I'm operating on some data that looks like below: dataFrame
the command that I'm performing is :
library(magrittr)
#subsetting the data for MAC-OS & sorting by event-timestamp.
macDF <- eventsDF %>%
SparkR::select("device", "event_timestamp") %>%
SparkR::filter("device = macOS") %>%
SparkR::arrange("event_timestamp")
display(macDF)
And the error I get is:
Error in h(simpleError(msg, call)) :
error in evaluating the argument 'x' in selecting a method for function 'arrange': unable to find an inherited method for function ‘filter’ for signature ‘"character", "missing"’
Some(<code style = 'font-size:10p'> Error in h(simpleError(msg, call)): error in evaluating the argument 'x' in selecting a method for function 'arrange': unable to find an inherited method for function ‘filter’ for signature ‘"character", "missing"’ </code>)
Any help would be appreciated, Thanks!
I couldn't precisely replicate your error, but I created an example eventsDF dataframe in R, converted it to a Spark dataframe, and updated a bit of your code.
Here's an example in the style you started with.
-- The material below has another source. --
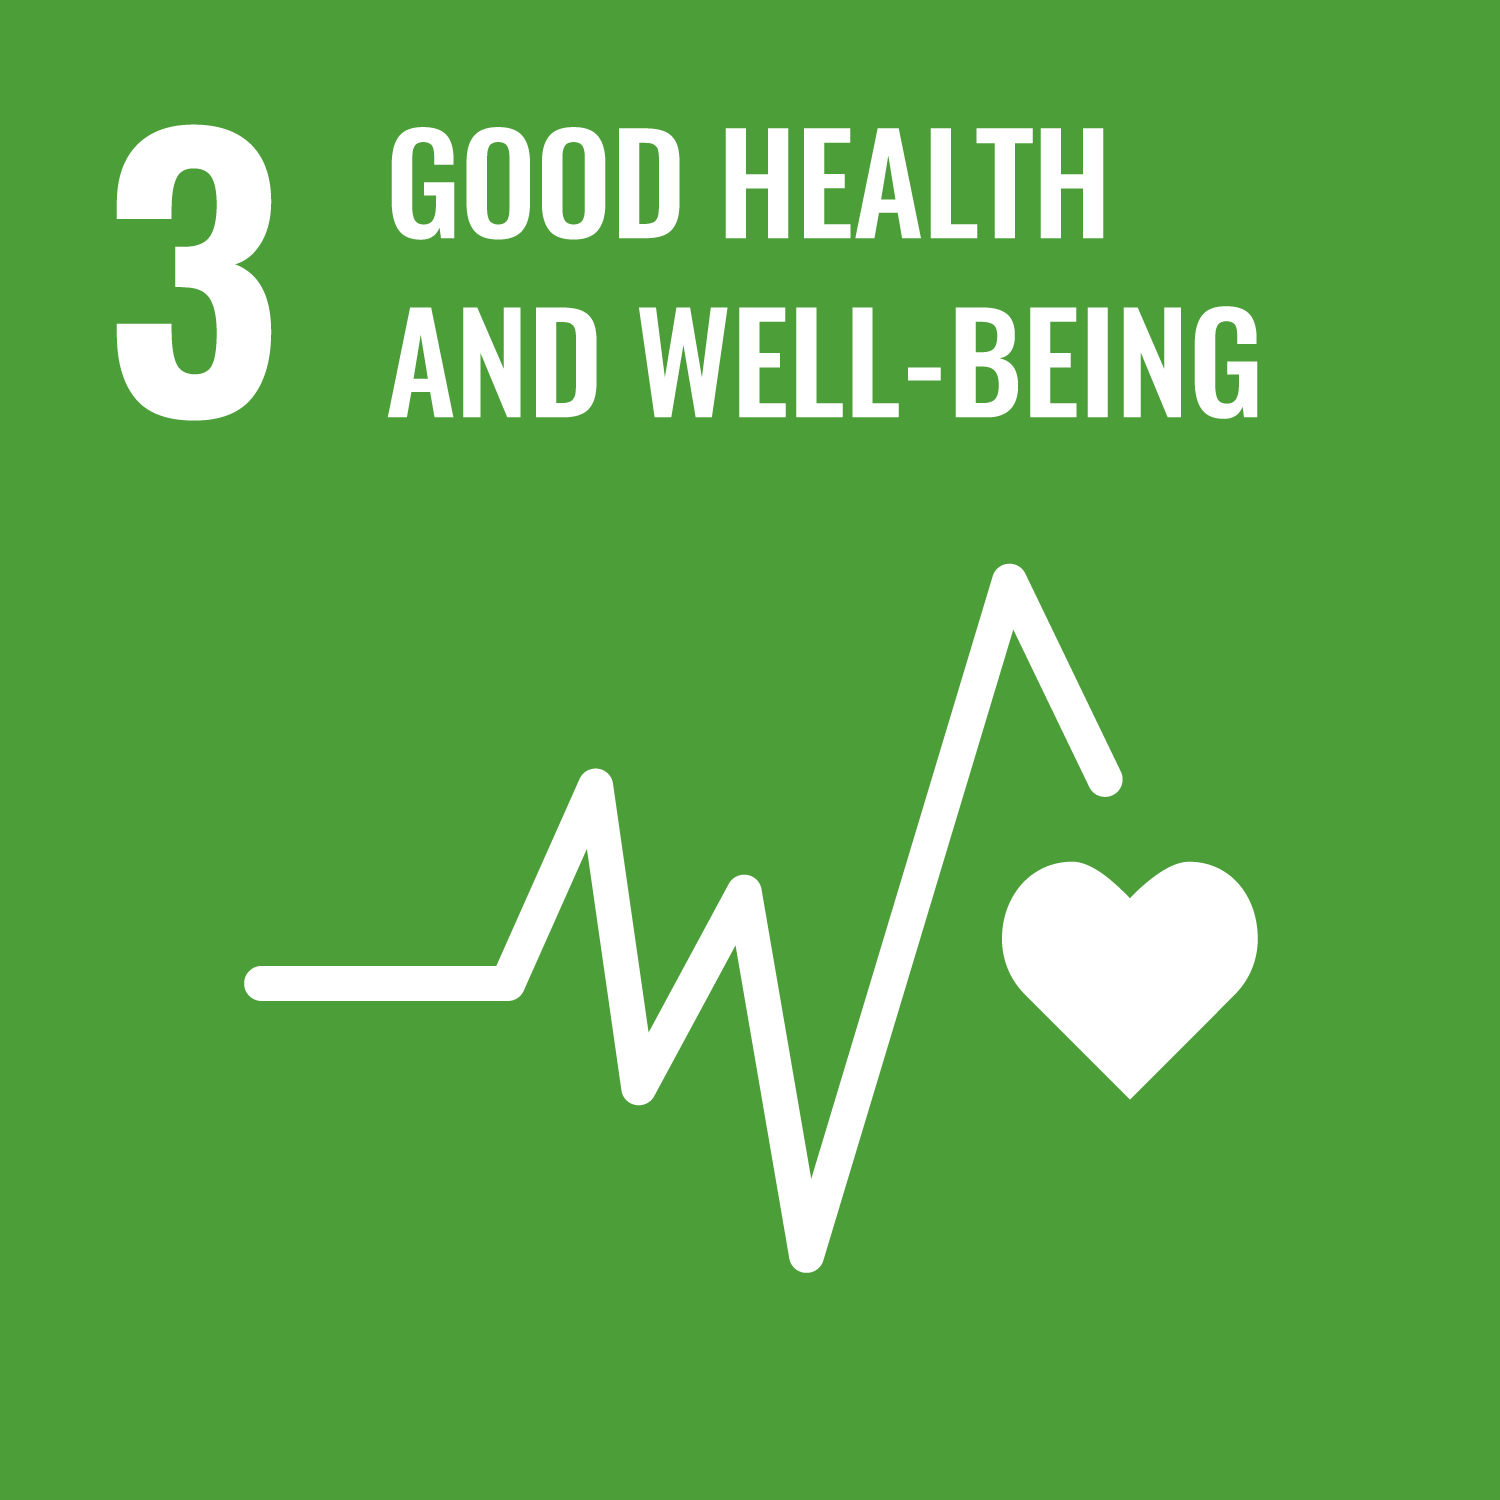 Related UN Sustainable Development Goals icon 3

Note the call to SparkR::expr which allows you provide a sql expressions for Spark to put in the where clause it is building. Since this example uses expr() to build a sql where clause, macOS needs to be quoted:
library(magrittr)
eventsDF = data.frame(device=c("macOS","redhat","macOS"),event_timestamp=strptime(c('2022-01-13 12:19','2021-11-14 08:02','2021-12-01 21:33'),format="%Y-%m-%d %H:%M")) %>%
SparkR::as.DataFrame()
macDF <- eventsDF %>%
SparkR::select(eventsDF$device, eventsDF$event_timestamp) %>%
SparkR::filter(SparkR::expr("device='macOS'")) %>%
SparkR::arrange('event_timestamp') %>%
display()
How I might do it:
library(dplyr)
library(SparkR)
eventsDF = data.frame(device=c("macOS","redhat","macOS"),event_timestamp=strptime(c('2022-01-13 12:19','2021-11-14 08:02','2021-12-01 21:33'),format="%Y-%m-%d %H:%M")) %>%
as.DataFrame()
macDF <- eventsDF %>%
select(c('device','event_timestamp')) %>%
filter(eventsDF$device=='macOS') %>%
arrange('event_timestamp') %>%
display()